EDIT: There seems to be confusion regarding my question, so let me narrow it down.

Is this true: If for all $a,b \in \mathbb{R}$, the function $f$ is uniformly continuous on $ [a,b]\subset \mathbb{R}$, then $f$ is uniformly continuous on $\mathbb{R}$.

Answer 1

which I don't understand why would be the case, since you can take the $\delta$ of the uniform continuity to be the minimum of all deltas across the intervals, no?

The minimum might be $0$, which is not allowed. For example:

Let $f(x)=x^2$. Then on $[-b,b]$ we have that $|f(x)-f(y)|=|x^2-y^2|=|x-y||x+y|\leq 2b |x-y|$.

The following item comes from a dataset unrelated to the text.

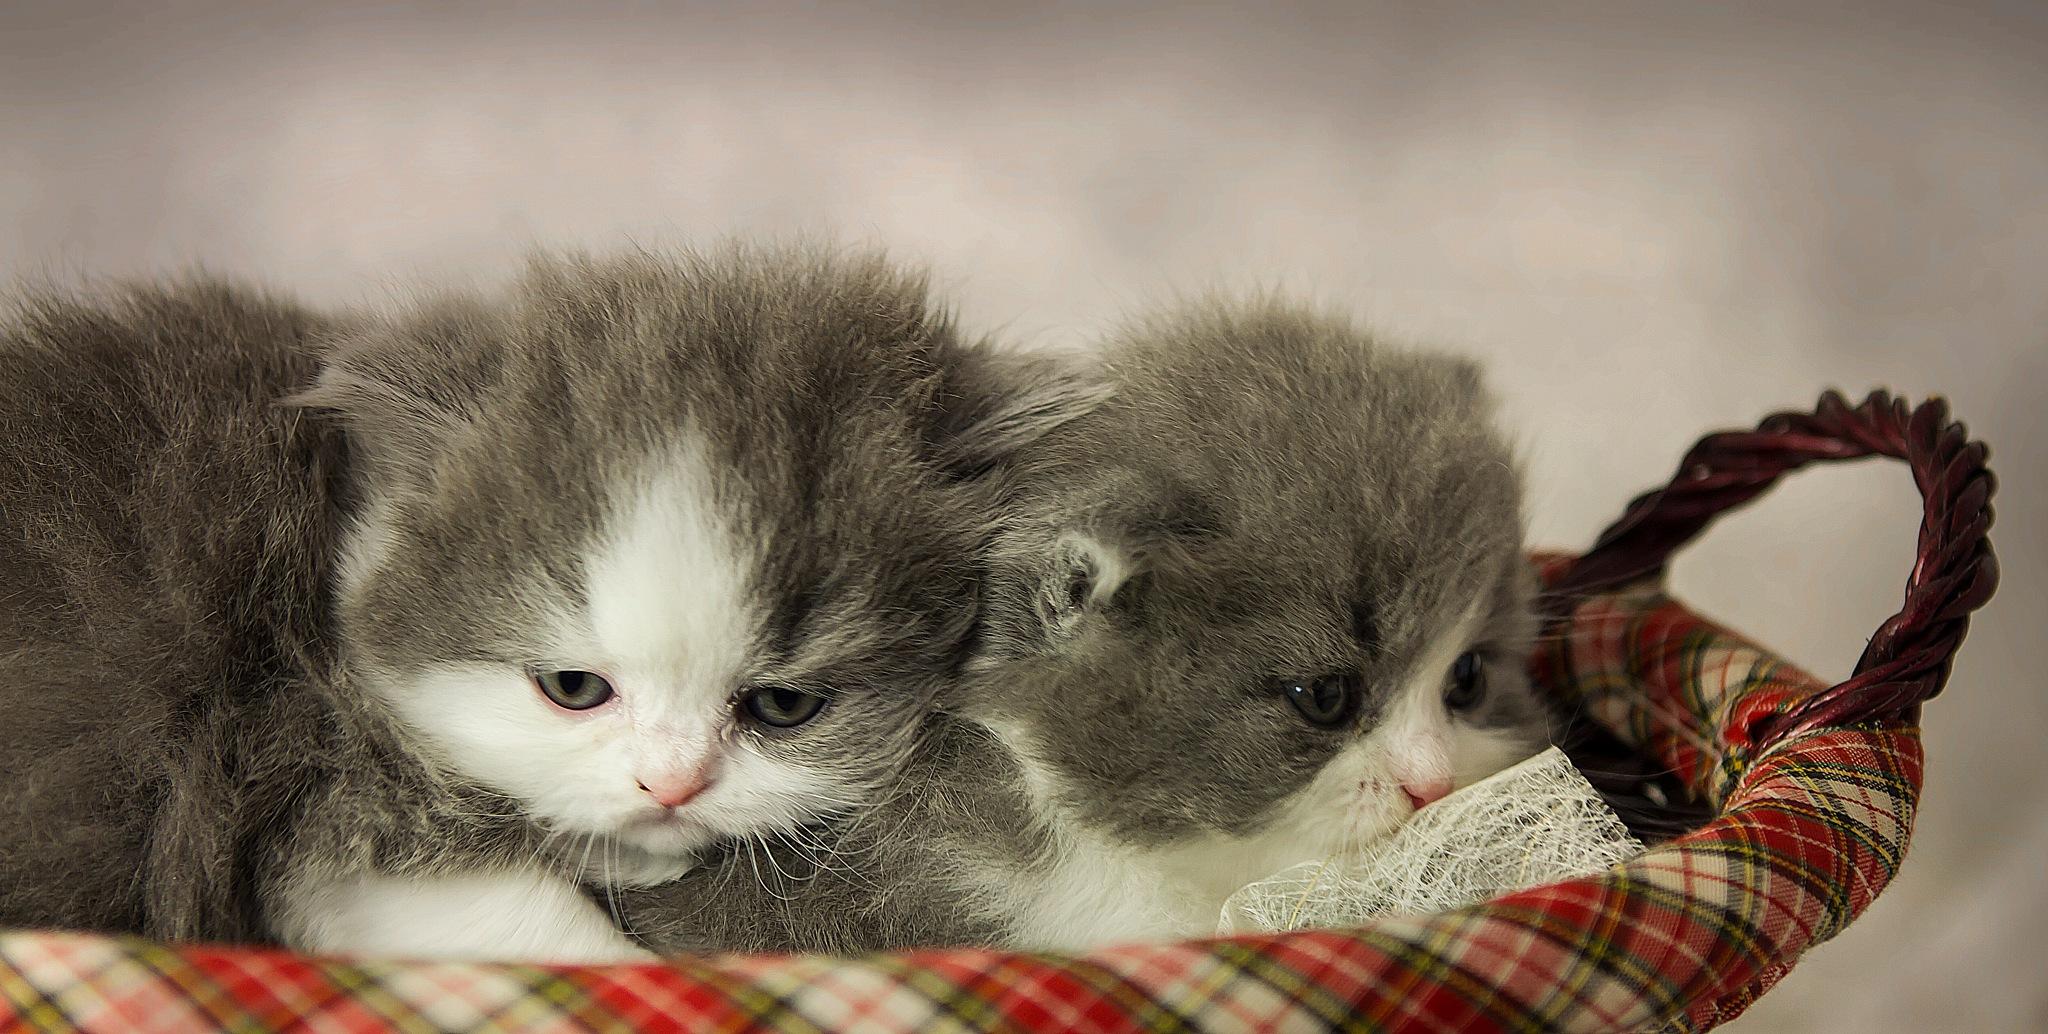 kittens by Renaat

So given an $\varepsilon>0$, you can let $\delta<\varepsilon/(2b)$. Thus $f$ is uniformly continuous on $[-b,b]$.

The infimum over $b$ of this is exactly $0$, which is not allowed.

Answer 2

It simply doesn't follow if if a condition must be true for any and every $[a,b]$ (based on the value of $a,b$) that it will be true for all $\mathbb R$ regardless of the what interval we are looking at.

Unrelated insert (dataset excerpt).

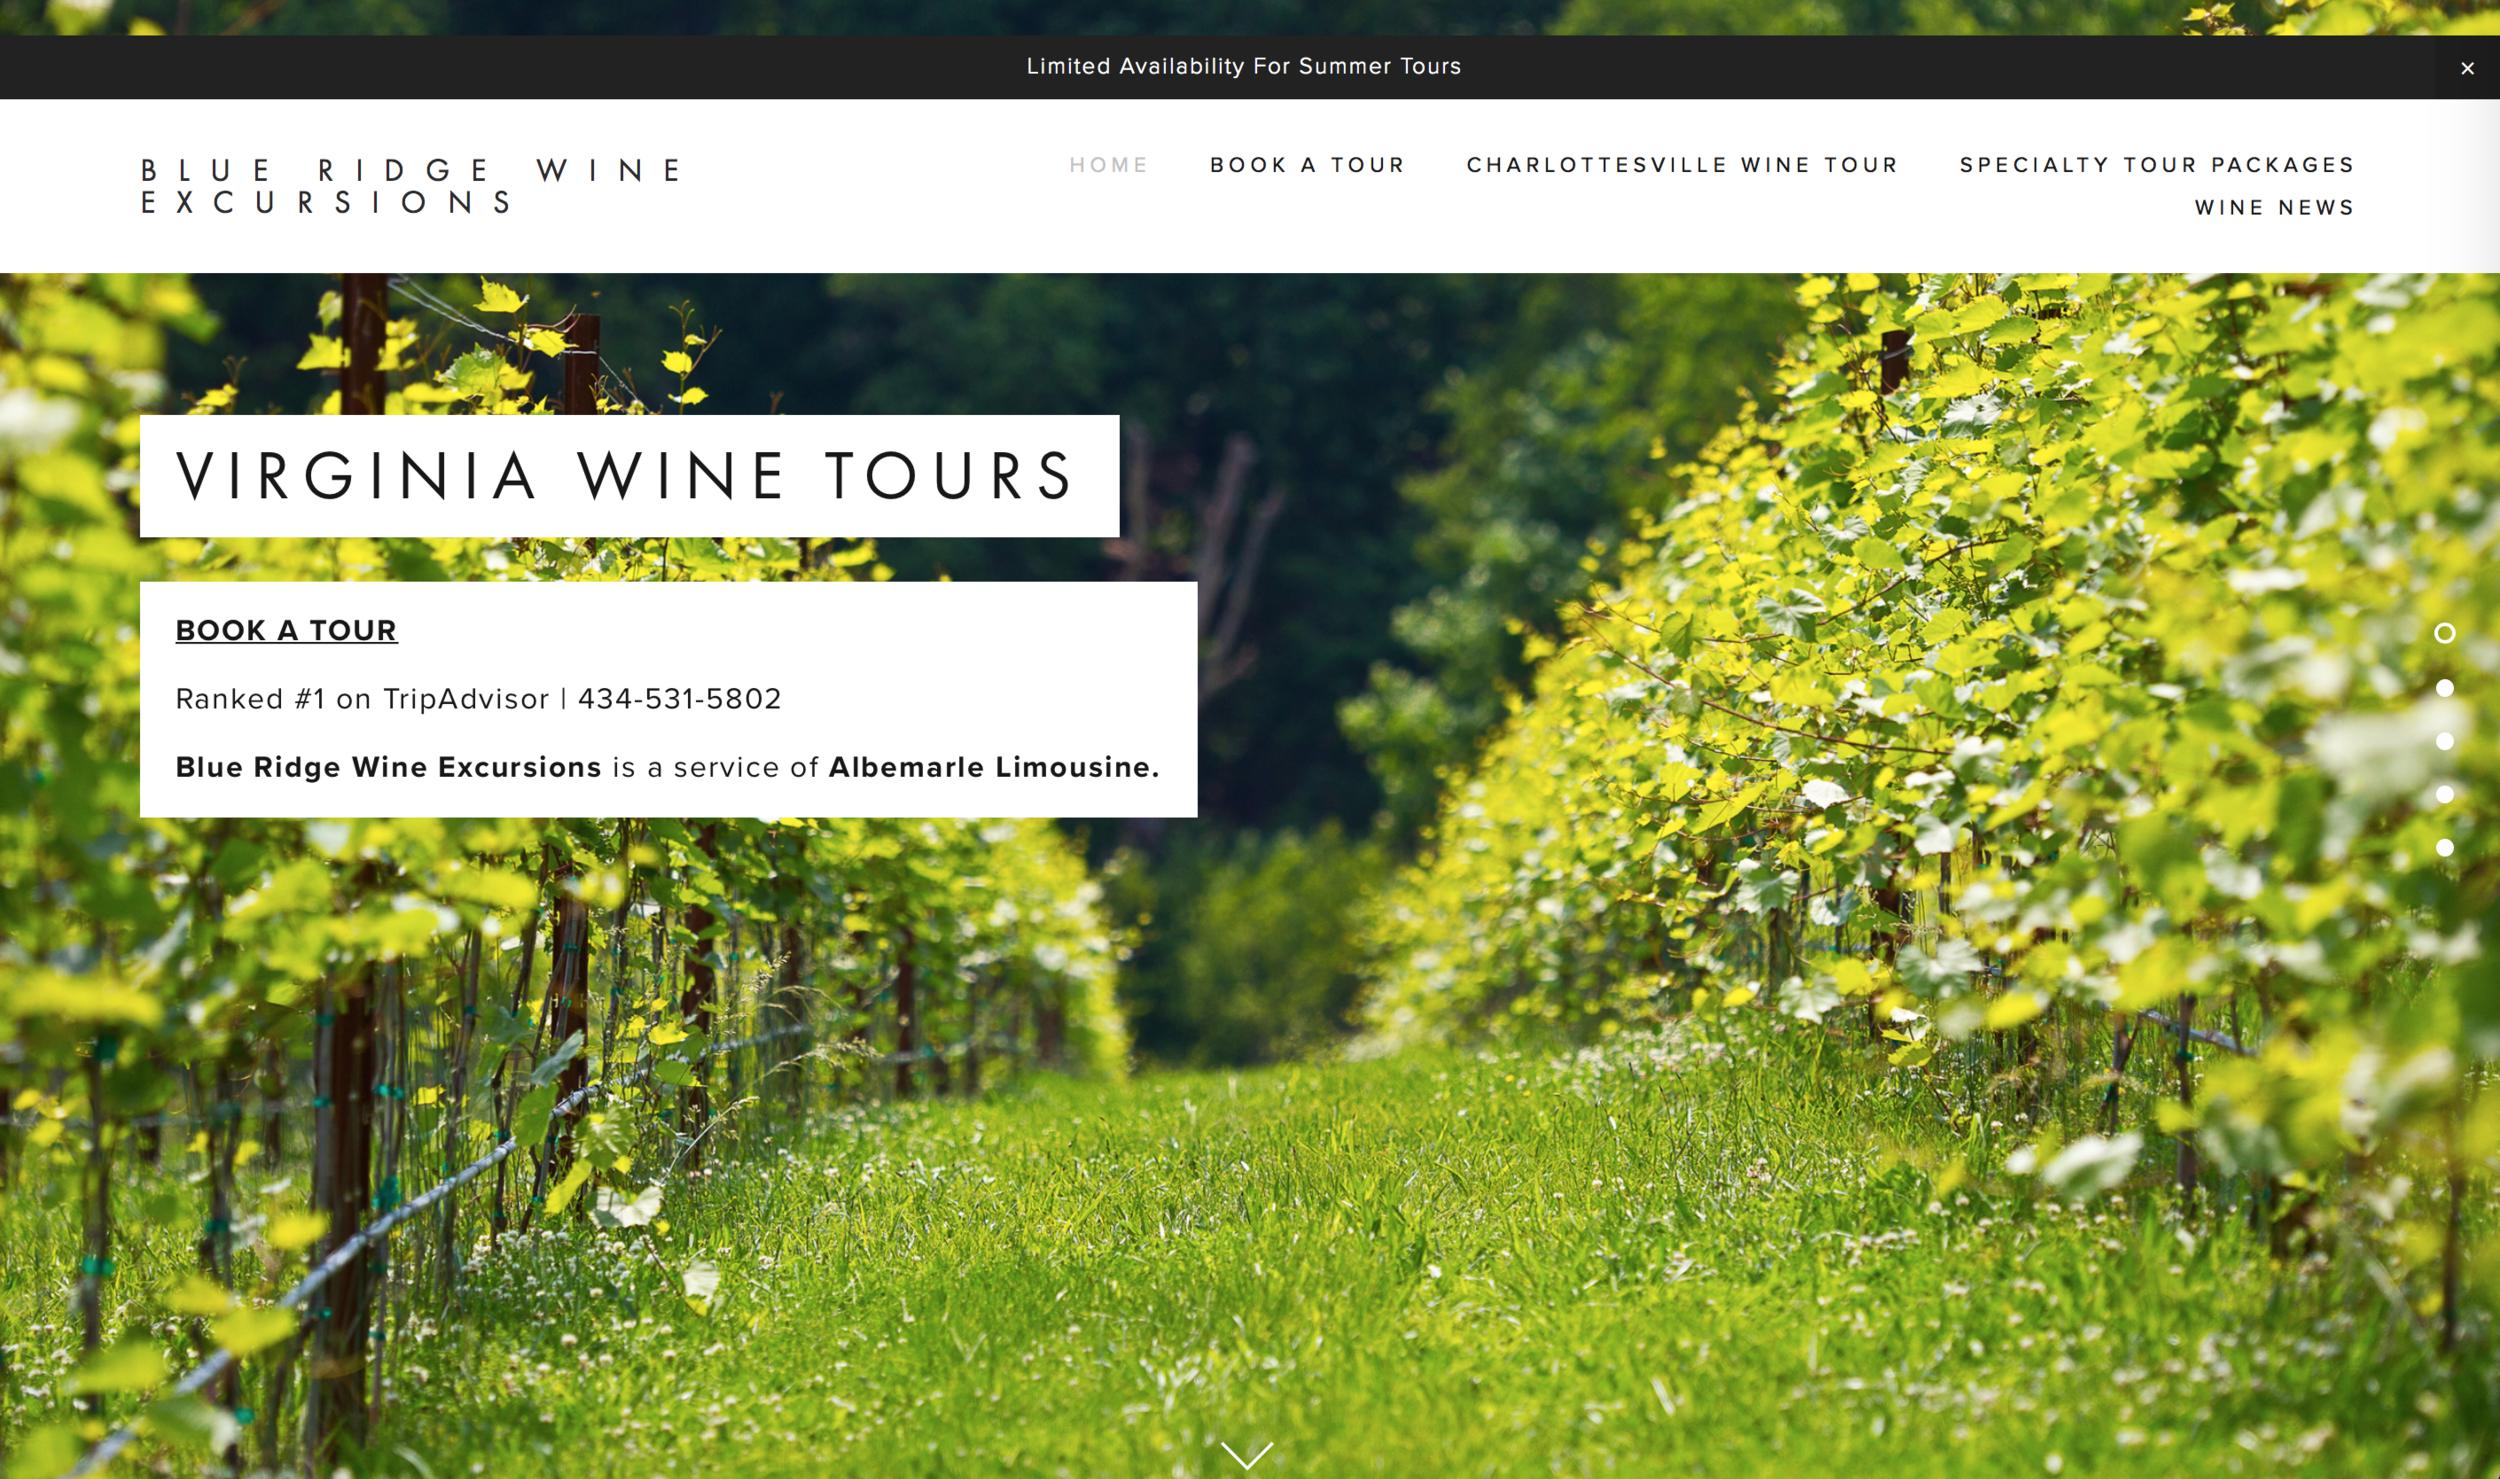 Website Design - Blue Ridge Wine Excursions

A trivial counter-example would be that every $[a,b]$ has a maximal element, $b$, but clearly $\mathbb R$ does not. The argument breaks down, in that the condition, having a maximal element, is very dependent upon which closed interval we choose.

One can argue: Well if $[a,b]$ has a maximal element and $[a_i, b_i]$ has maximal element then $[a,b]\cup [a_i,b_i]$ will have a maximal element, $\max\{\max[a,b],\max[a_i,b_i]\}$, then $\mathbb R$ will have a maximum element that is equal to $\max\{\max[a,b]| a, b\in \mathbb R\}$.

The problem there is that $\mathbb R$ is unbounded and $\max\{\max[a,b]| a, b\in \mathbb R\}$ simply does not exist.

Uniform continuity is very similar. To be uniformly continuous on closed interval $[a,b]$ means for any $\epsilon > 0$ there is a $\delta > 0$ so that whenever $|x-y| < \delta$ AND whenever $a\le x \le b, a\le y\le b$ then $|f(x)-f(y)|< \epsilon$. The condition of $x,y\in [a,b]$ can not be ignored.

You might argue that for an $\epsilon$ there is $\delta_{a,b}$ so that... $|x-y]<\delta_{a,b}\implies |f(x)-f(y)| < \epsilon$ for all $x,y \in [a,b]$... then if we take $\delta = \min(\delta_{a,b}) > 0$, then if $|x-y|< \delta$ then for any $[a,b]$ so that $x,y\in [a,b]$ then $|x-y|< \delta \le \delta_{a,b}\implies |f(x)-f(y)| < \epsilon$.

And this would but true if $\delta = \min(\delta_{a,b}) > 0$ existed.

It'd even be true if $\delta = \inf(\delta_{a,b}) > 0$ existed but $\min$ did not.

However as $\inf(\delta_{a,b})$ could be $0$ the argument fails in those cases as $|x-y|< \delta =0$ is impossible.

The classic counter-example if $f(x) = x^2$. For any $[a,b]$ and $\epsilon > 0$ then if $\delta_{a,b} = \frac {\epsilon}{2\max(|a|,|b|)}$ then $|x-y|< \delta$ would imply $|x^2 - y^2|=|x-y||x+y| \le |x-y|*(2\max(|a|,|b|)) < \delta_{a,b}*2\max(|a|,|b|)=\epsilon$.

But $\inf \delta_{a,b} = 0$ so the argument fails.

(And the proof that $f(x)=x^2$ is not uniformly continuous is standard: For any $\epsilon> 0$, let $\delta > 0$ and let $x_1$ be so that $x_1\frac {\delta}2 + \frac {\delta^2}{4}>\epsilon$ (i.e. $x_1 > (\epsilon - \frac {\delta^2}4)\frac 2{\delta}$) then for any $x,y\in (x_1-\frac \delta 2, x_1+\frac \delta 2)$ we have $|x_1 - (x_1+\frac {\delta}2)|=\frac {\delta}2 < \delta$ while $|(x_1+\frac {\delta}2)^2 - x_1^2| = x_1\frac {\delta}2 + \frac {\delta^2}{4}>\epsilon$.)